▸ **COLLECTED MATERIAL**:
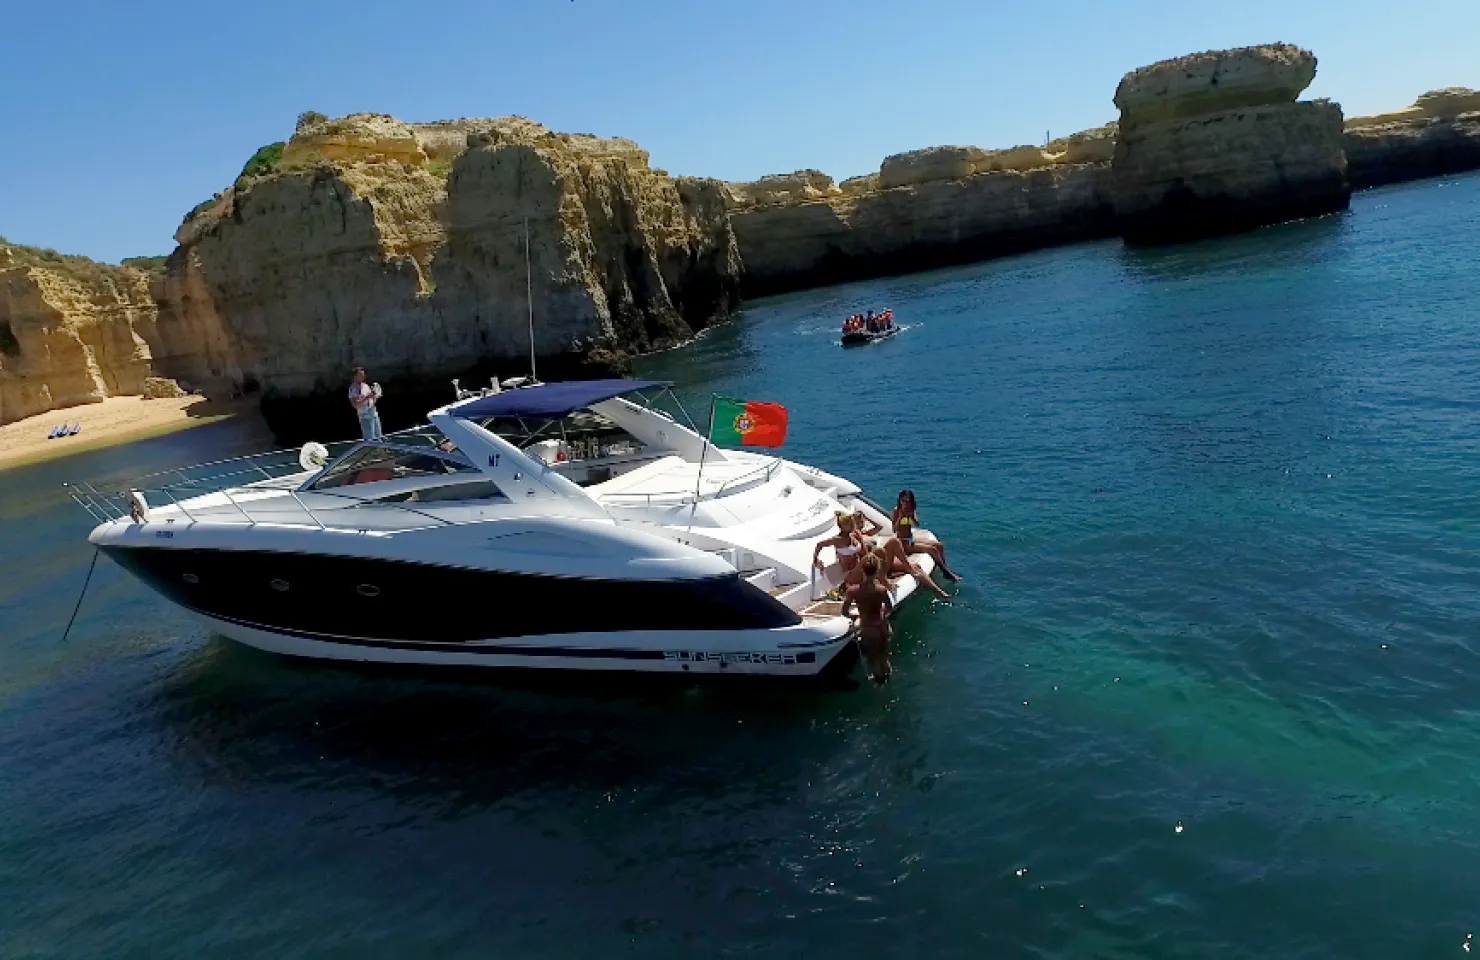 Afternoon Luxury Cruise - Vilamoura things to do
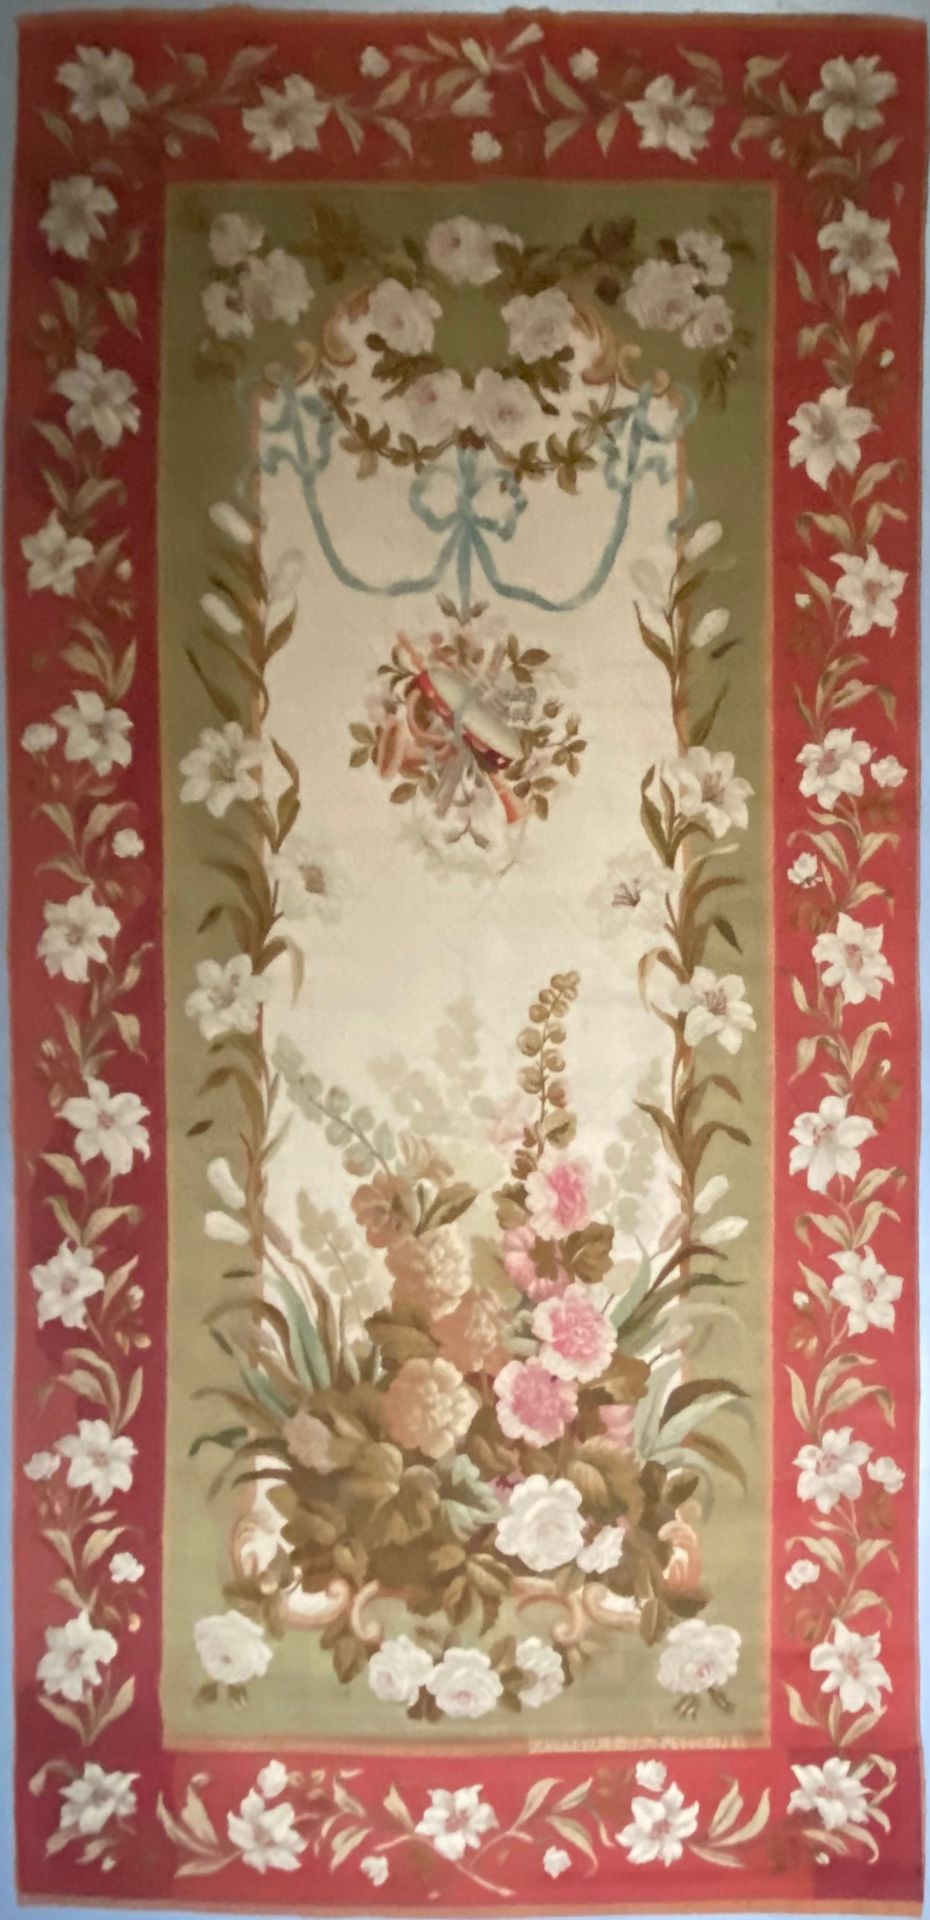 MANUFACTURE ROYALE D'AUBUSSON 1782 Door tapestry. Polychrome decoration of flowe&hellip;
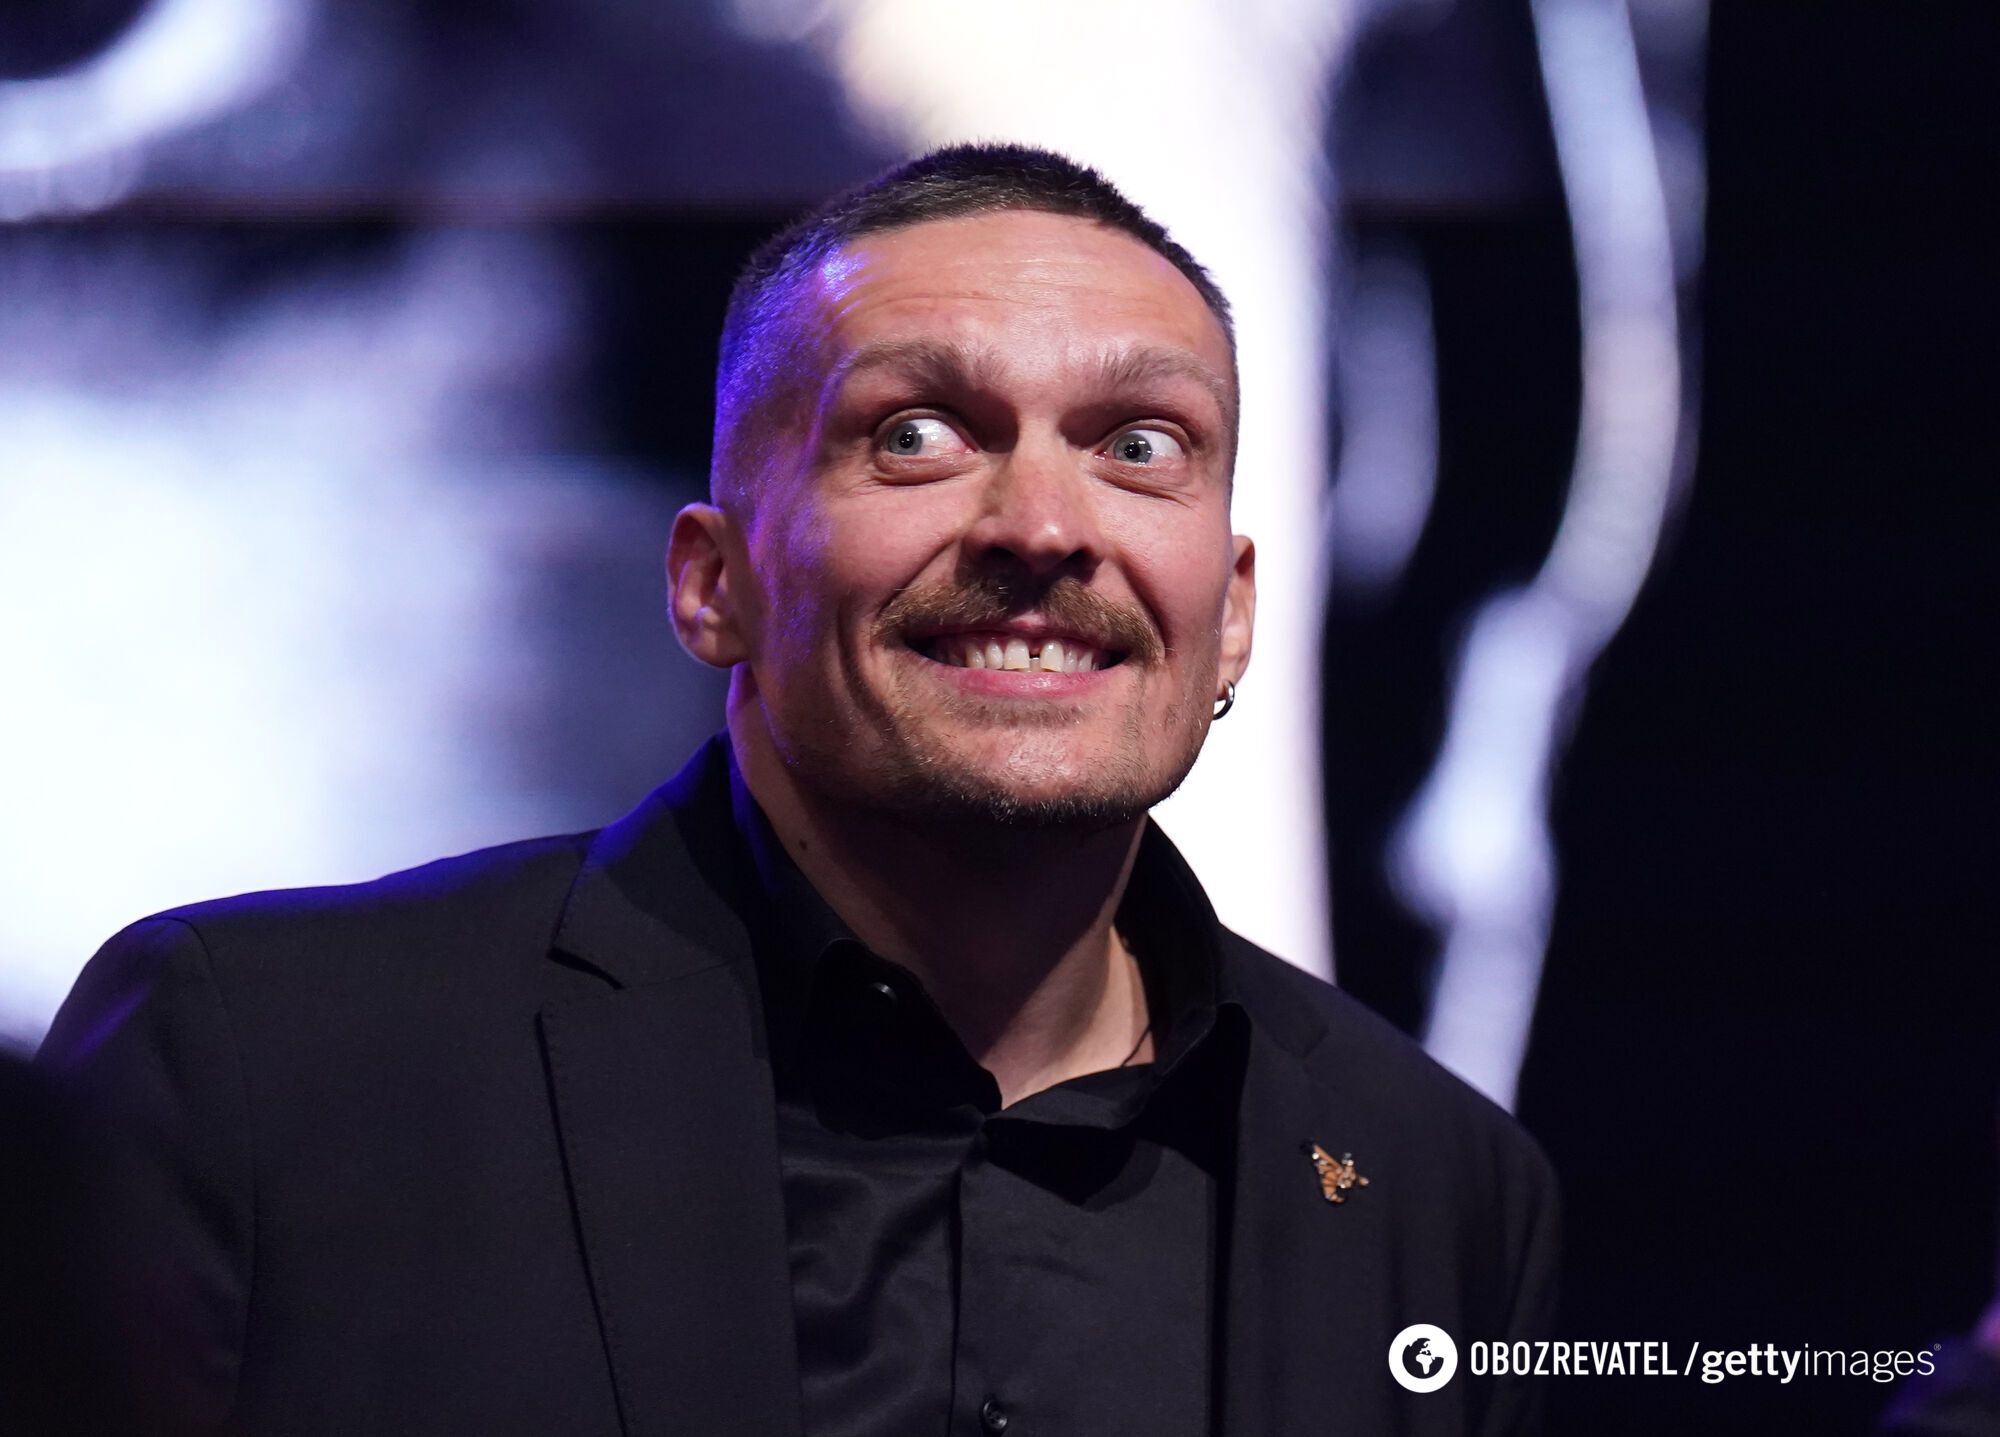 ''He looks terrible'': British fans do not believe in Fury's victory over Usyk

▸ **EXERCISE**: Retype all of the data above word for word, excluding the pictures.

▸ **RESPONSE TO THIS TASK**:
 Afternoon Luxury Cruise - Vilamoura things to do
 MANUFACTURE ROYALE D'AUBUSSON 1782 Door tapestry. Polychrome decoration of flowe&hellip;
 ''He looks terrible'': British fans do not believe in Fury's victory over Usyk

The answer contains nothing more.